Há uns anos atrás fui apresentado pelo Prof. Doutor João Pissarra Esteves (um senhor, diga-se) à escrita de Gabriel Tarde. Com este, dei um cariz mais racional a uma questão que há muito me acompanhava, incomodava até. Gabriel Tarde falava do “sonambulismo social”, aquilo que quase inconscientemente, critiquei em pais, amigos, colegas, durante anos: A sensação da necessidade de obediência quase cega à normalidade, aquela que assim é chamada por ser a regra seguida pela maioria.
O conhecimento mais aprofundado da intertextualidade e das suas maquinações, levou-me à associação das palavras de Tarde com um outro sentimento, igualmente chegado até mim pelas letras de um génio, mas este há muito mais tempo, entre angustias da juventude: O spleen de Charles Baudelaire:
Nada iguala a extensão dos longos dias mancos
Quando o tédio, esse fruto da incuriosidade,
Sob os pesados flocos da neve dos anos,
Atinge as proporções da imortalidade.
O estar sem estar, o sentir sem saber o quê, um mal-de-vivre inexplicável. O ser o Wanderer, gostar de o ser e estar ainda, mesmo assim, insatisfeito.
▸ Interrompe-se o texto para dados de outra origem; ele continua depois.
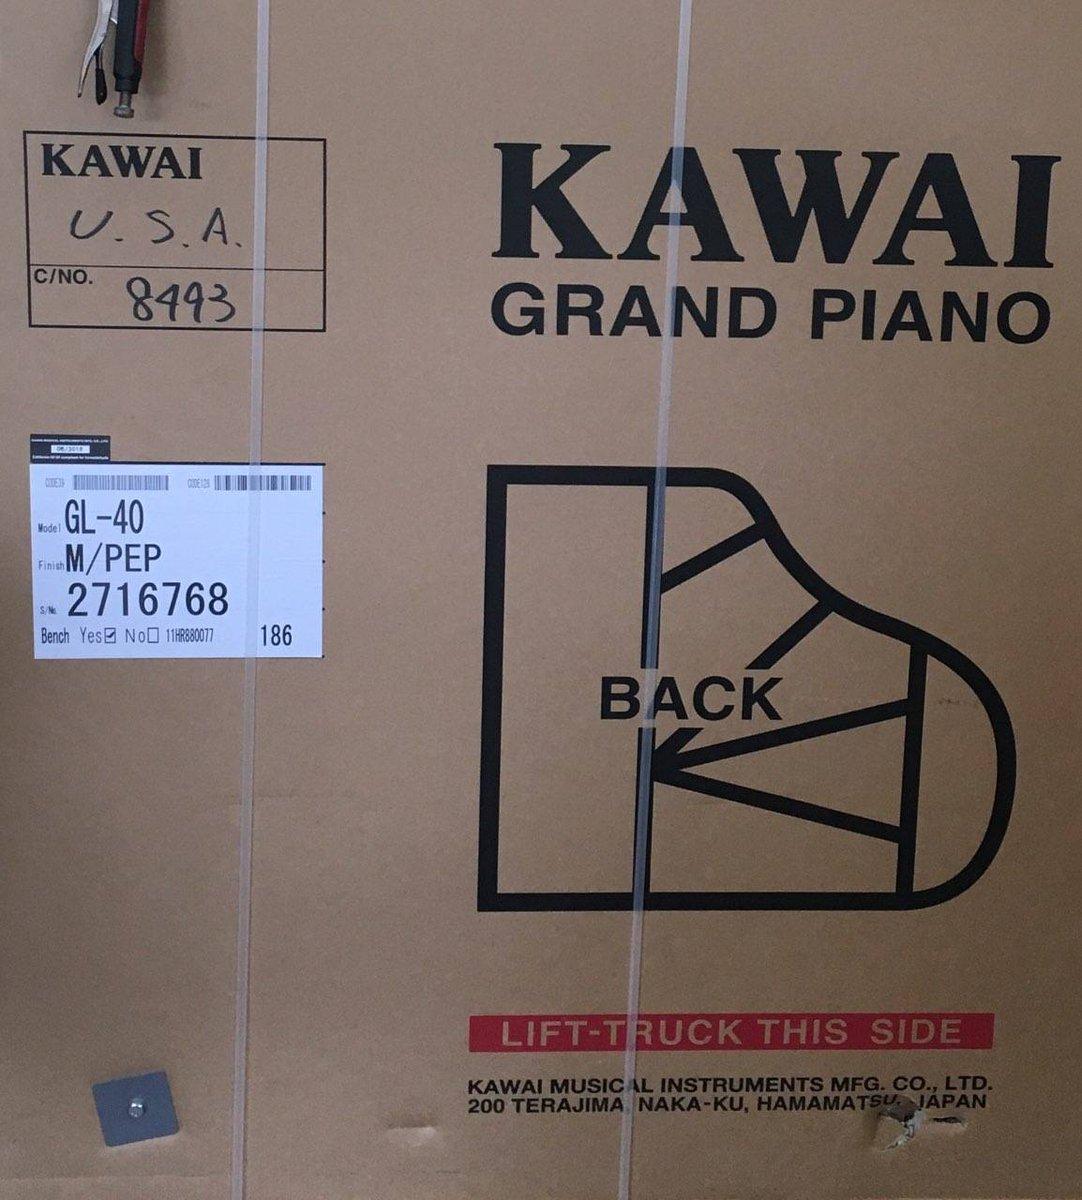 Maus Piano & Organ (@Mauspiano) | Twitter
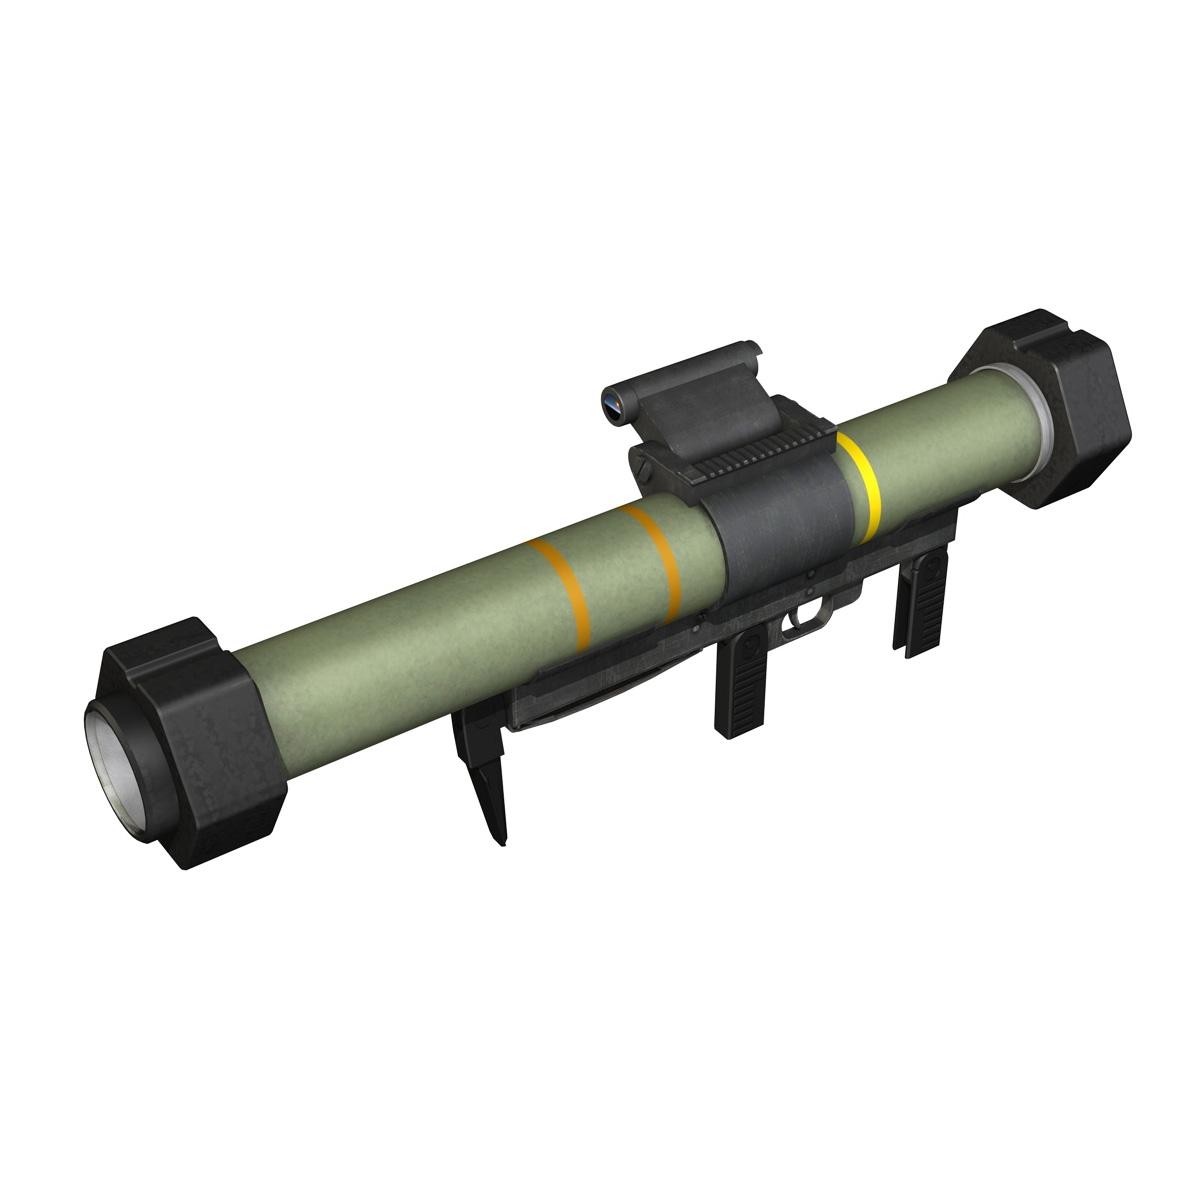 эсрэг хуяг Launcher Matador 3d загвар 3ds fbx c4d lwo obj 197072

Como uma letra nunca vem só, e uma leitura não se faz em si mesma, relembro ambos os autores à luz de um outro, Sigmund Freud, que nos anos 30 do século passado escrevia a abrir A Civilização e os Seus Descontentamentos:
Há certos homens por quem os seus contemporâneos não têm respeito embora a sua grandeza resida em atributos e realizações que são completamente estranhos aos objectivos e ideais das massas.
É assim que, sem qualquer réstia de falsa modéstia, deixo a todos quantos nos últimos dias me apelidaram de louco a viva voz e de irresponsável em surdina (digam-mo na cara e me baterei de razões com muito gosto) as palavras destes outros, para que sobre as mesmas reflictam e depois, mesmo que só para si (porque por vezes é essa a atitude de maior coragem) reconheçam quantas vezes quiseram fazer o mesmo que eu fiz e lhes faltou a coragem.